> Dataset excerpts
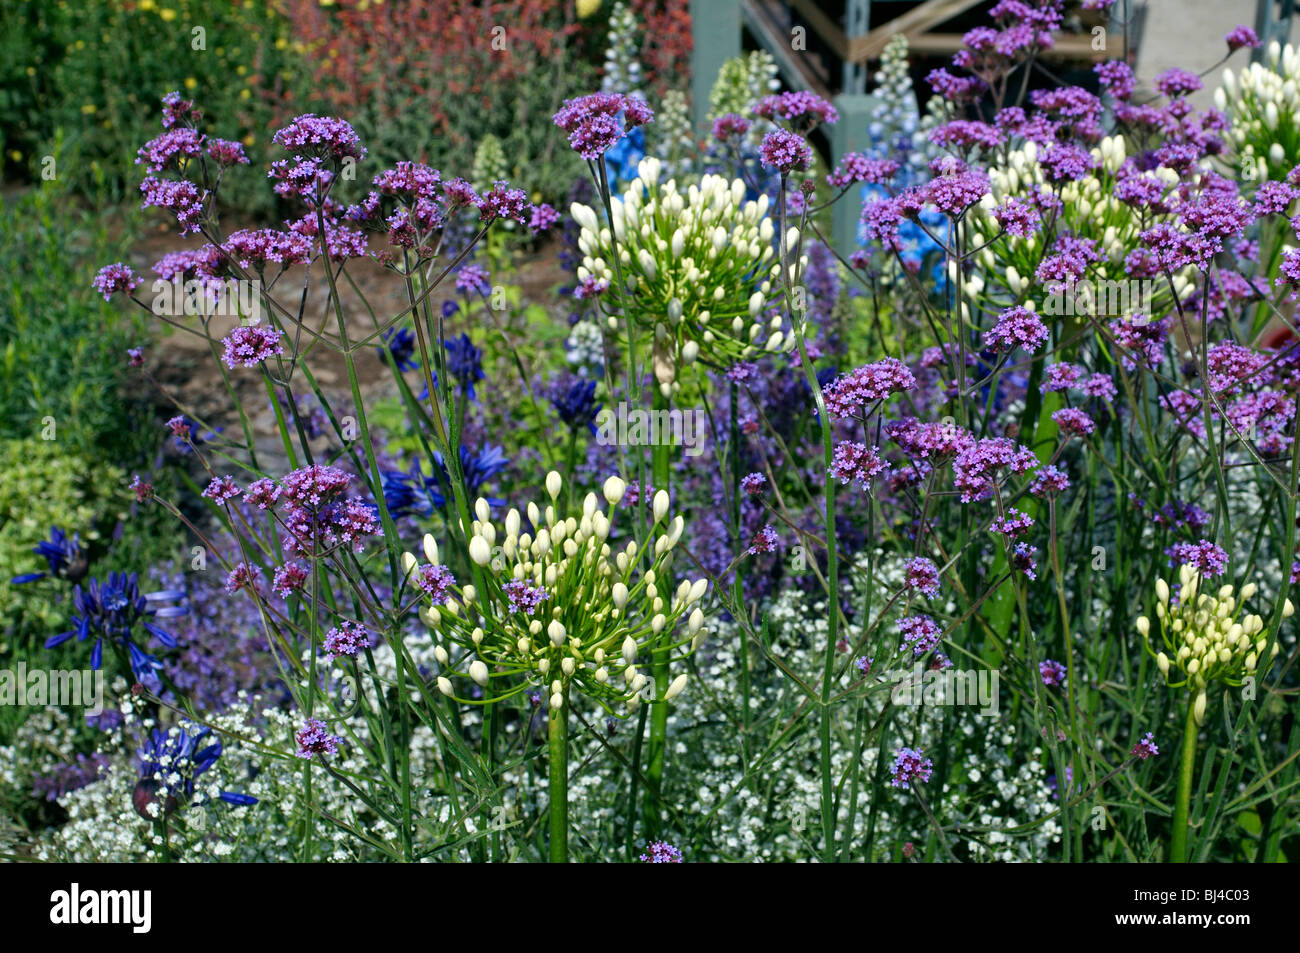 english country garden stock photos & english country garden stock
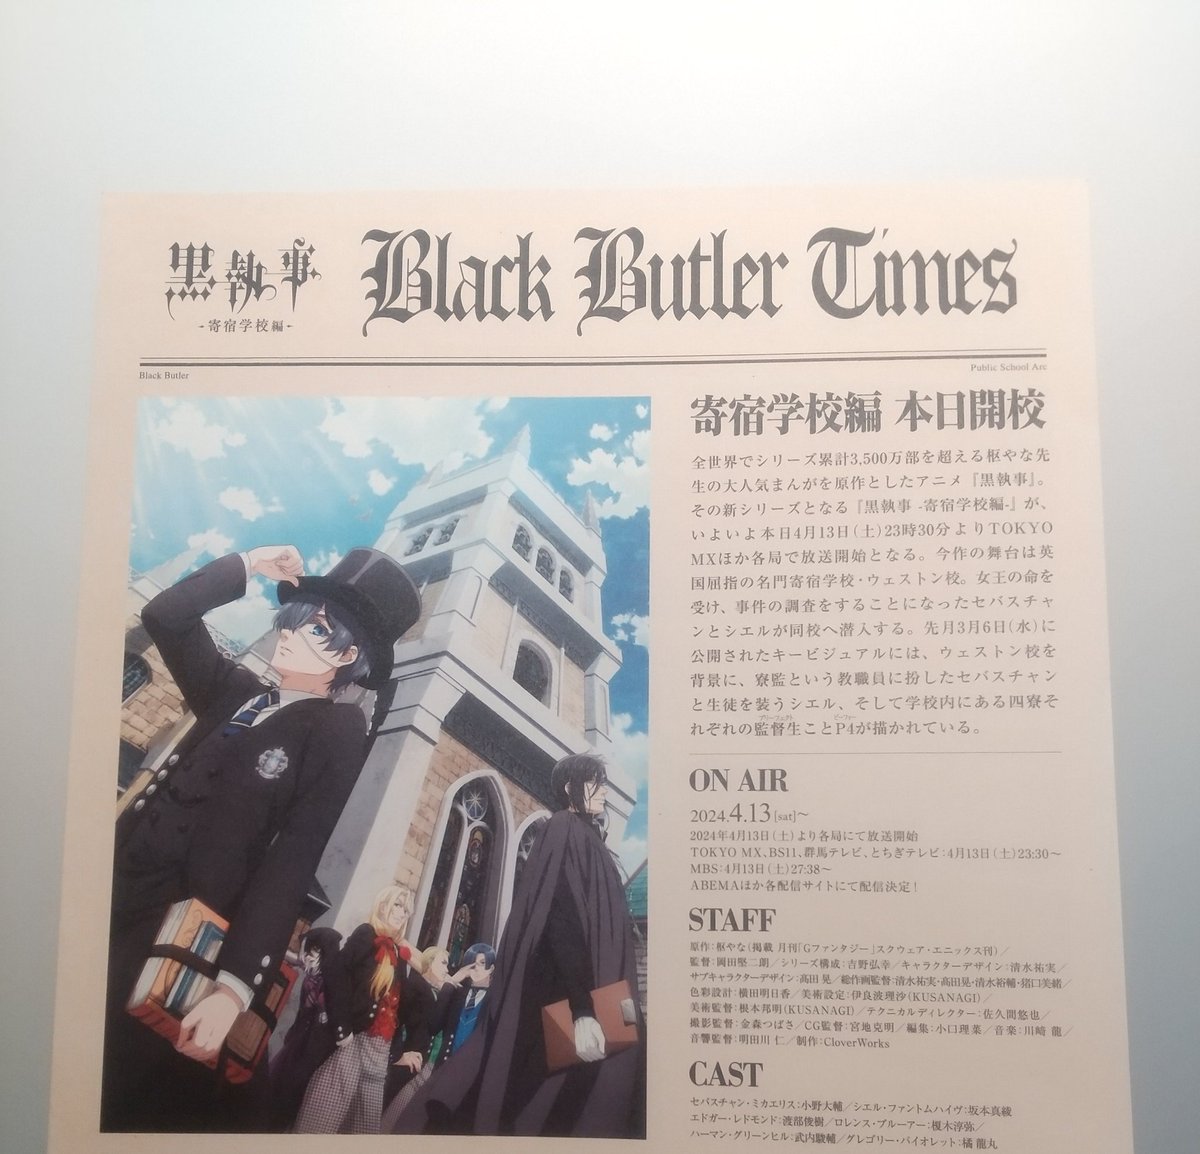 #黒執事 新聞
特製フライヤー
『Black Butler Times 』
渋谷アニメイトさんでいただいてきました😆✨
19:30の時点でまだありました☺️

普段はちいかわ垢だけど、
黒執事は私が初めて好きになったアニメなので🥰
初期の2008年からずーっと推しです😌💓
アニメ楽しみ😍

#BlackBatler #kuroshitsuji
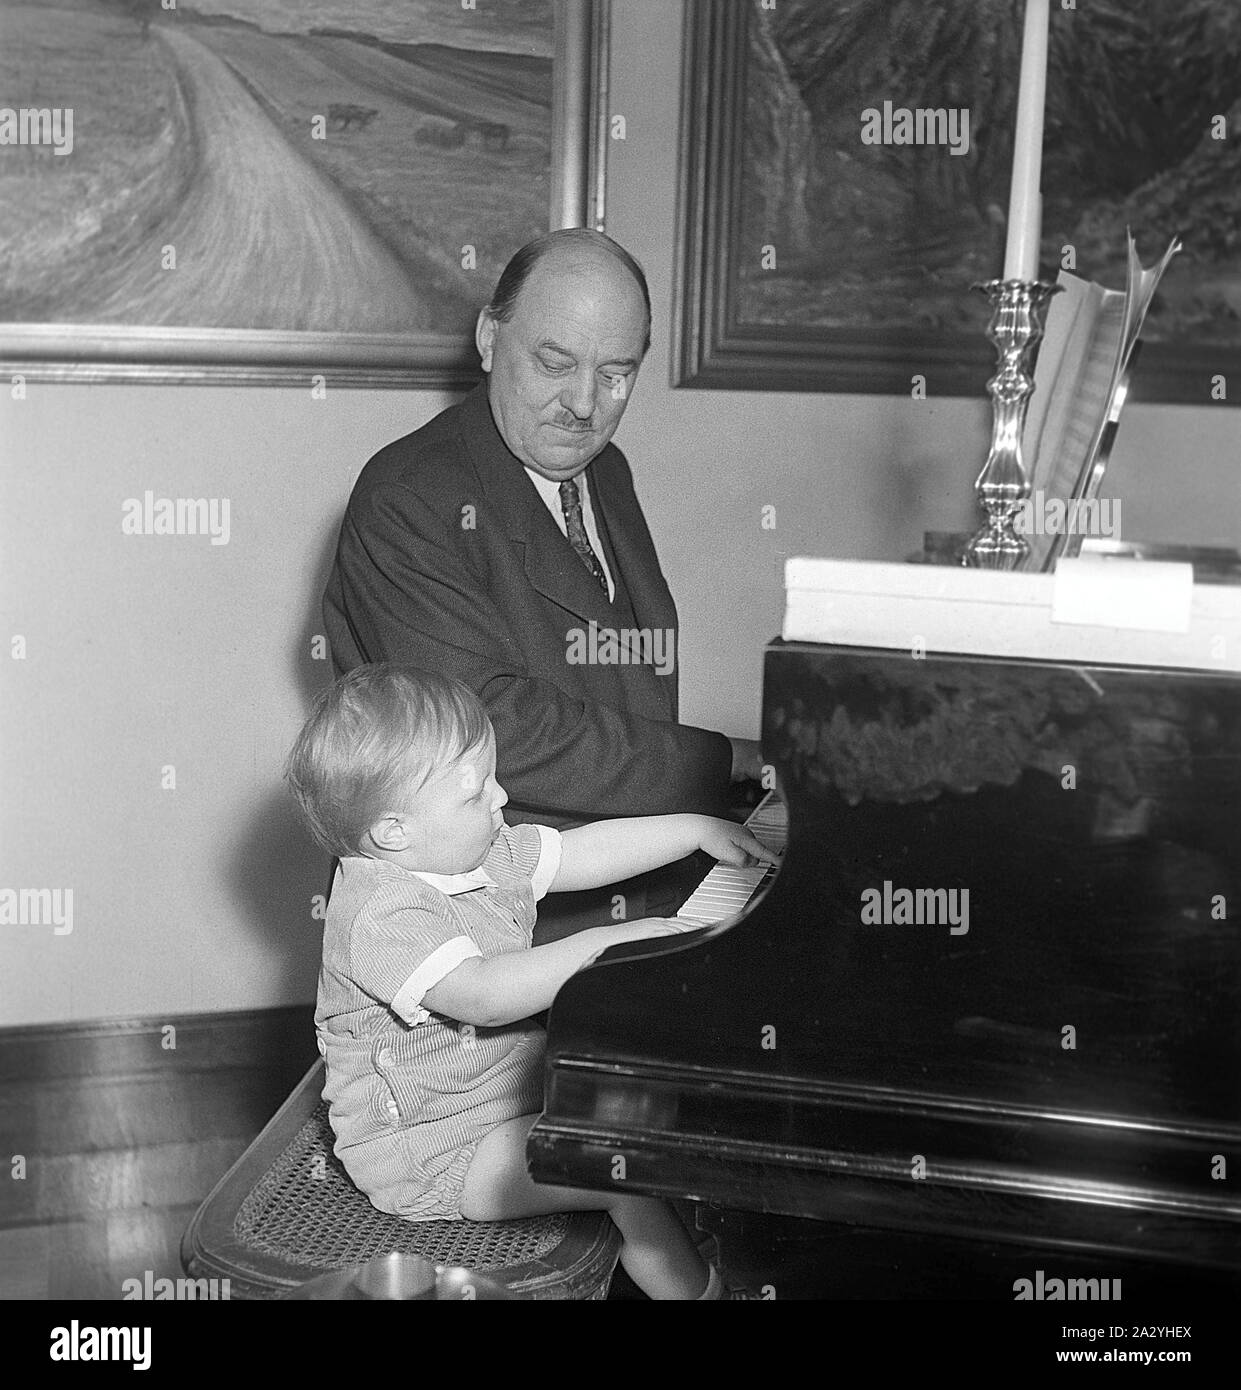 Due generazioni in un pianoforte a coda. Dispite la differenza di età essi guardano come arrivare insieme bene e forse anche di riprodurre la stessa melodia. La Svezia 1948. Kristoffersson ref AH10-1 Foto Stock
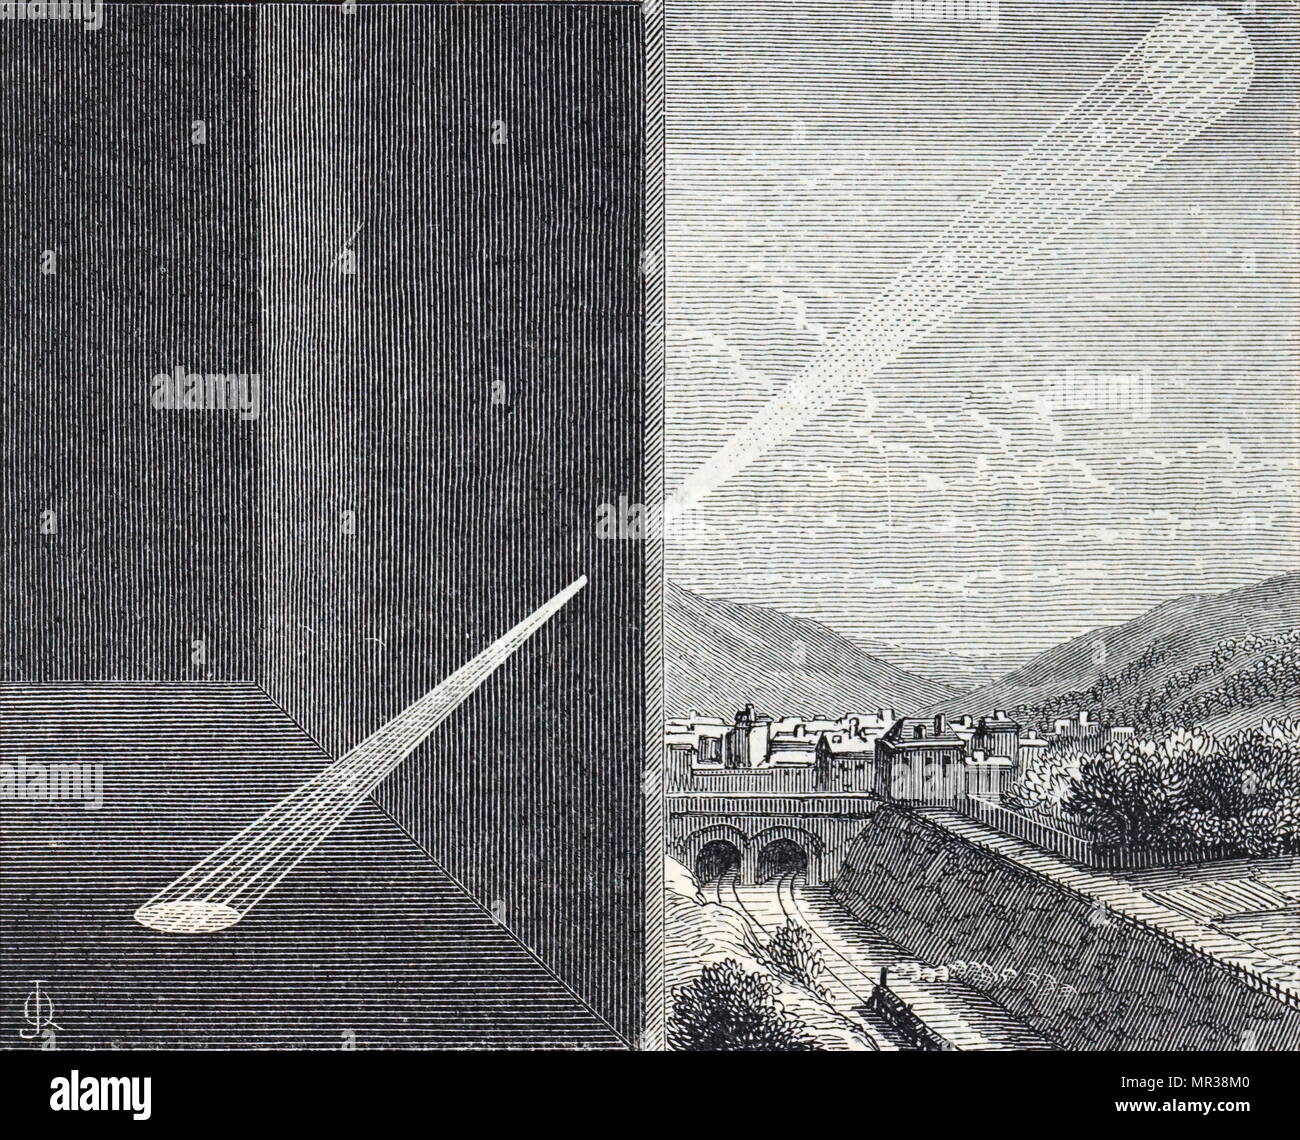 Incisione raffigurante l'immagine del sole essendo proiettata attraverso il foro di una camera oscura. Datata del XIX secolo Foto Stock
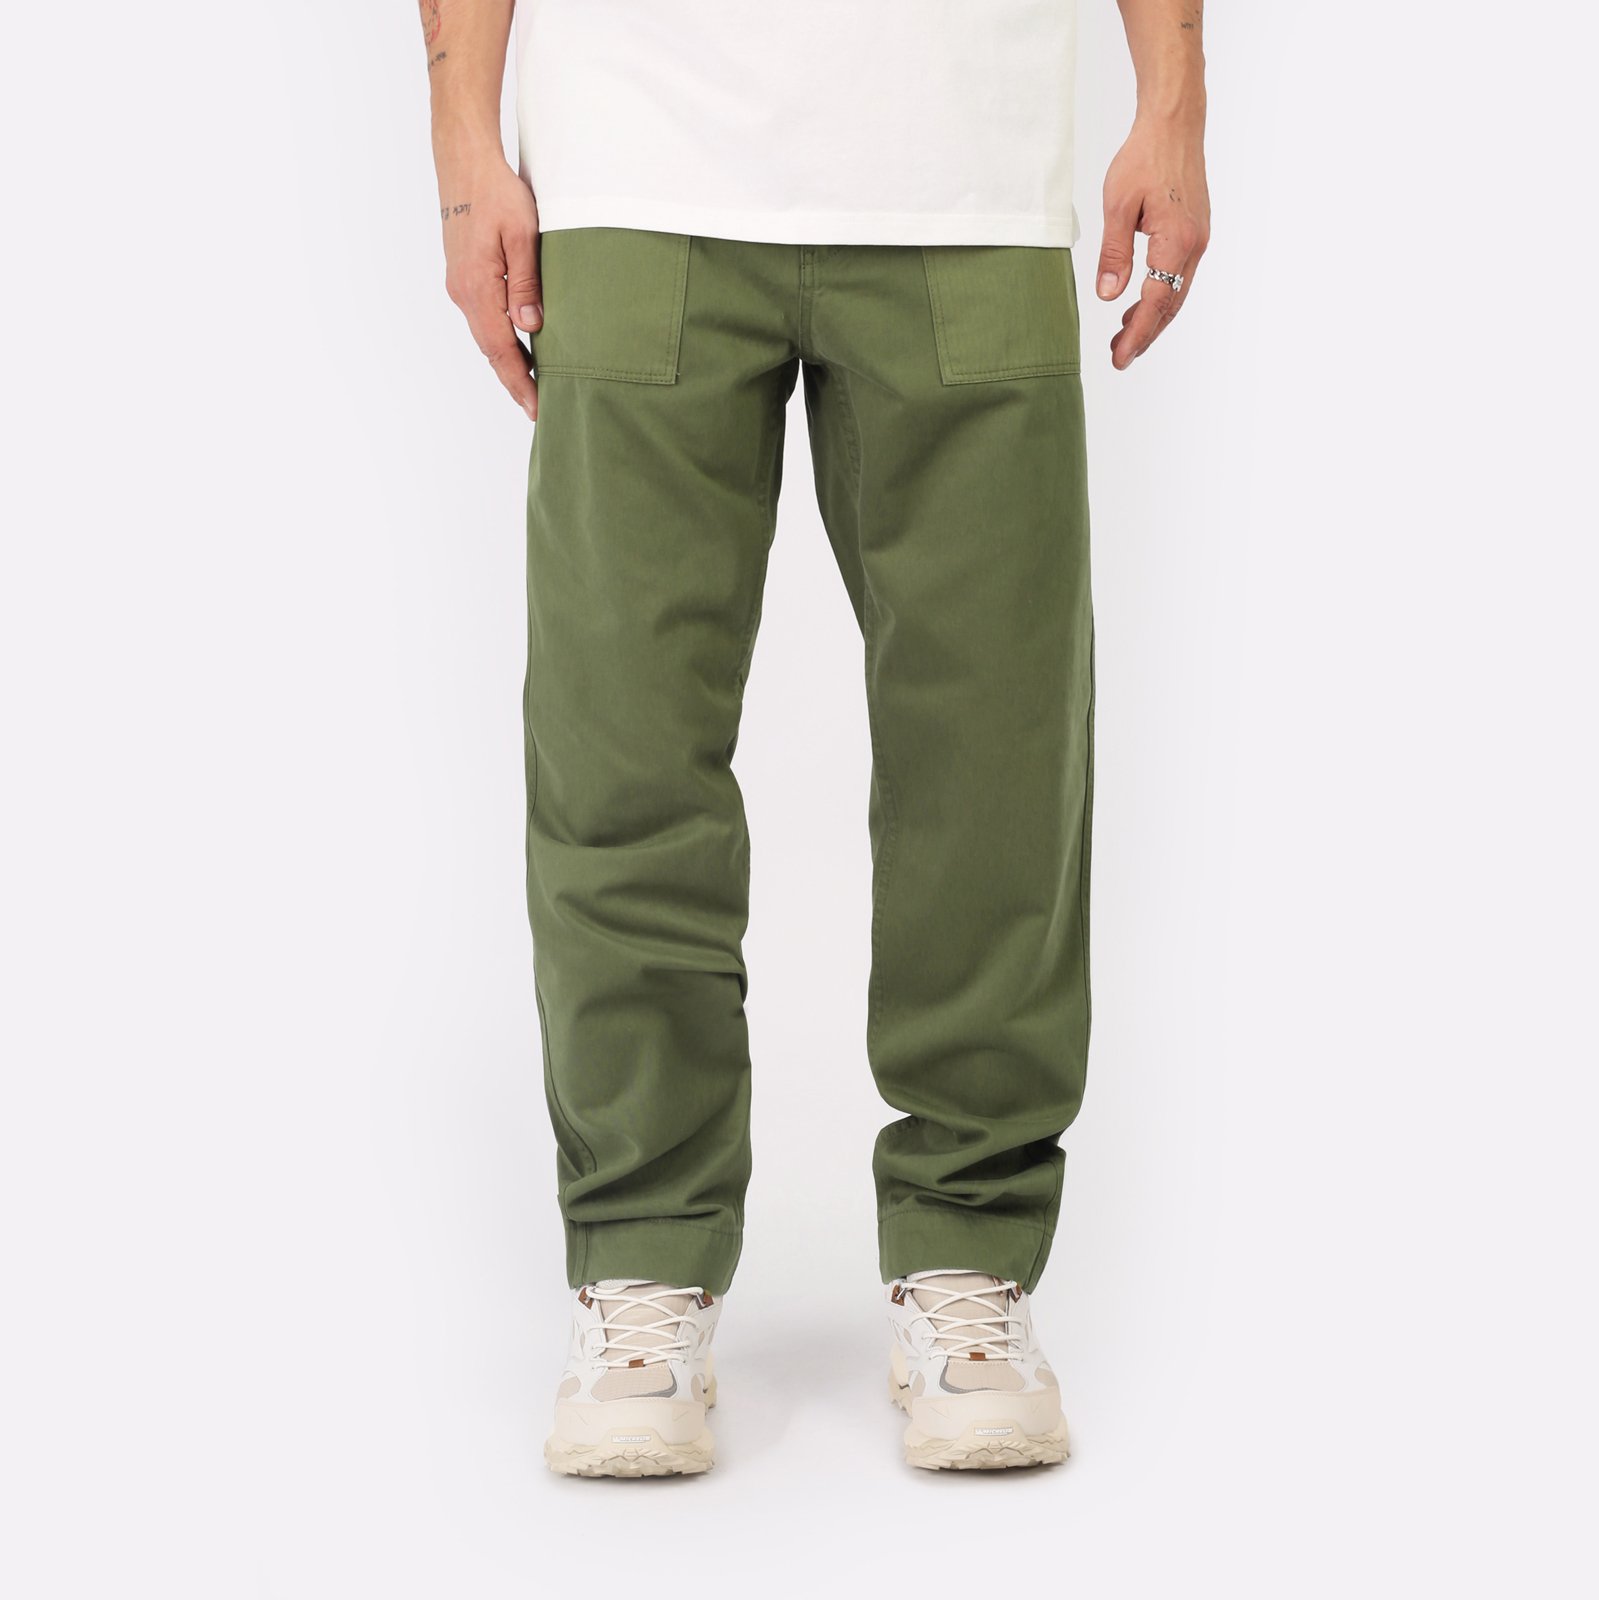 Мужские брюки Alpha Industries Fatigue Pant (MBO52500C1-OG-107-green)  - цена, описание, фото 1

> PROBLEM
Each of the lines above should be transcribed exactly; no image is to be copied.

> EXERCISE ANSWER
 english country garden stock photos & english country garden stock
 #黒執事 新聞
特製フライヤー
『Black Butler Times 』
渋谷アニメイトさんでいただいてきました😆✨
19:30の時点でまだありました☺️

普段はちいかわ垢だけど、
黒執事は私が初めて好きになったアニメなので🥰
初期の2008年からずーっと推しです😌💓
アニメ楽しみ😍

#BlackBatler #kuroshitsuji
 Due generazioni in un pianoforte a coda. Dispite la differenza di età essi guardano come arrivare insieme bene e forse anche di riprodurre la stessa melodia. La Svezia 1948. Kristoffersson ref AH10-1 Foto Stock
 Incisione raffigurante l'immagine del sole essendo proiettata attraverso il foro di una camera oscura. Datata del XIX secolo Foto Stock
 Мужские брюки Alpha Industries Fatigue Pant (MBO52500C1-OG-107-green)  - цена, описание, фото 1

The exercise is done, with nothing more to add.